This work addresses the challenge of insufficient channel estimation accuracy in MIMO systems under low signal-to-noise ratio (SNR) conditions by proposing a higher-order representation method based on modal tensorization. The approach decomposes the channel tensor into multiple virtual modes and integrates canonical polyadic decomposition with sparse structural modeling to enhance path separability and intrinsic denoising capability. Furthermore, it introduces a virtual factor analysis metric grounded in the plane-wave propagation model to enable accurate tensor rank estimation and adaptive selection of dominant components. Compared to existing tensor-based methods, the proposed scheme significantly improves channel estimation performance at low SNR, demonstrating the distinct advantage of synergistically combining modal tensorization with structural priors.

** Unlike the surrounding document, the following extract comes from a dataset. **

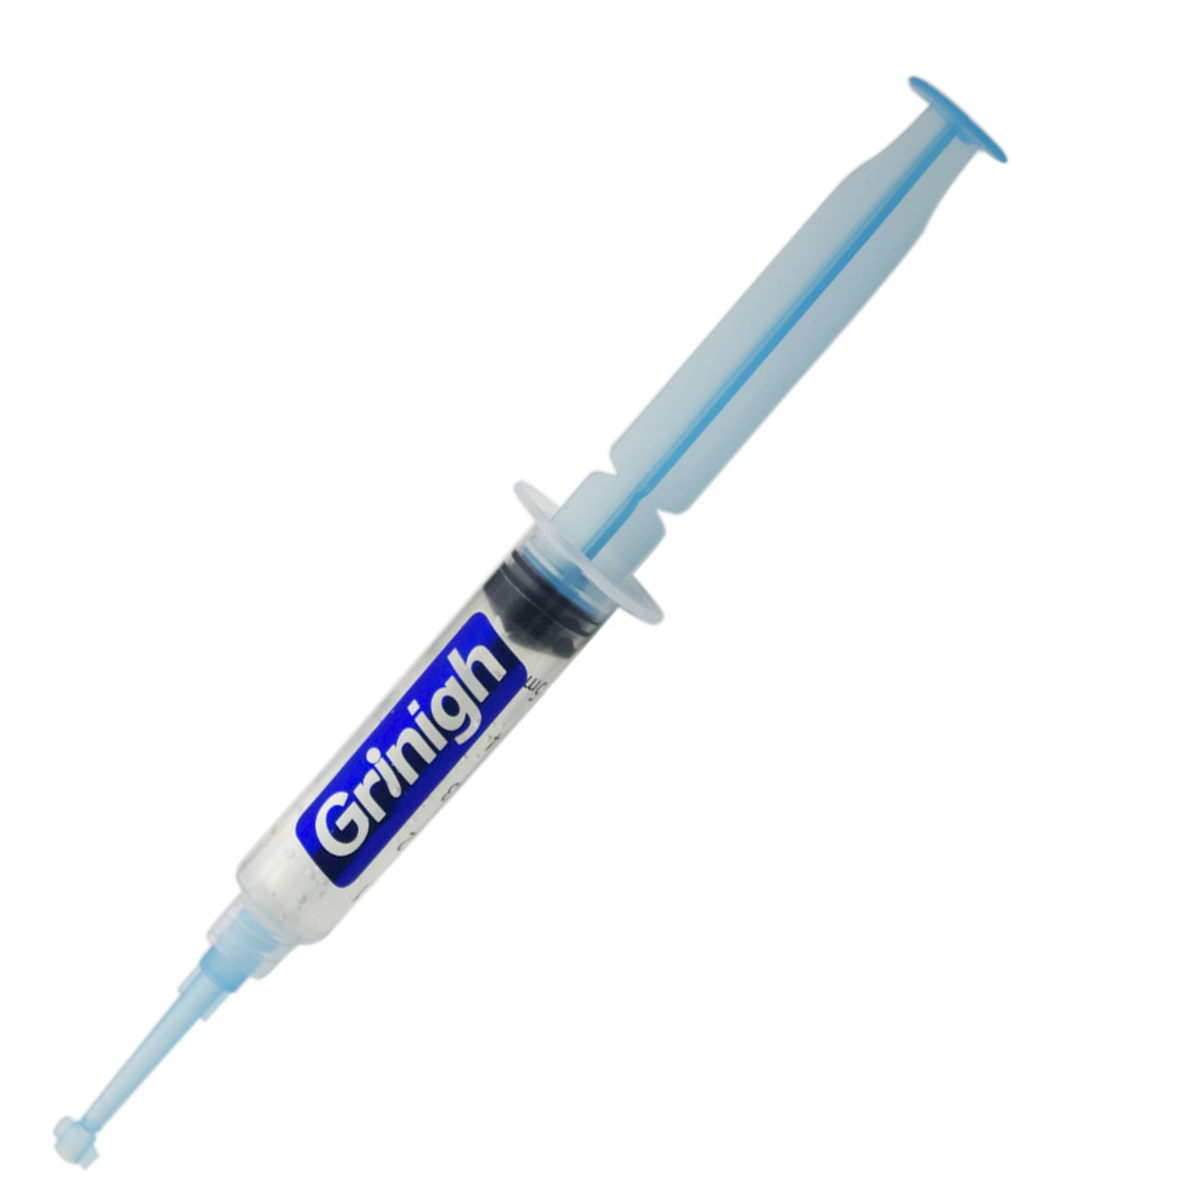 Grin365 Безусловные Выражения системы Отбеливание зубов - Делюкс Kit со светодиодной подсветкой, Гель реминерализации, VE Тампоны, и Whitening Pen

This paper proposes a channel estimation method for Multiple-Input Multiple-Output (MIMO) systems based on Canonical Polyadic (CP) decomposition applied to a mode-factorized tensor representation of the channel. The proposed approach reshapes the original low-order channel tensor into a higher-order tensor by factorizing its modes into multiple virtual modes, thereby introducing additional dimensions. By exploiting the sparse structure of MIMO channels and the plane-wave propagation model in the far-field regime, the proposed mode tensorization enhances the separability of individual propagation paths. It is shown that increasing the number of tensor modes improves component separation and provides inherent denoising effects. Building on these properties, a mode-tensorized CP decomposition (MTCPD) algorithm is developed. In addition, a metric for analyzing the virtual factors obtained from MTCPD is proposed, enabling estimation of the canonical rank and selection of the most informative components contributing to overall system performance. Numerical results demonstrate that the proposed method improves channel estimation accuracy compared to conventional tensor-based approaches, particularly under low signal-to-noise ratio conditions.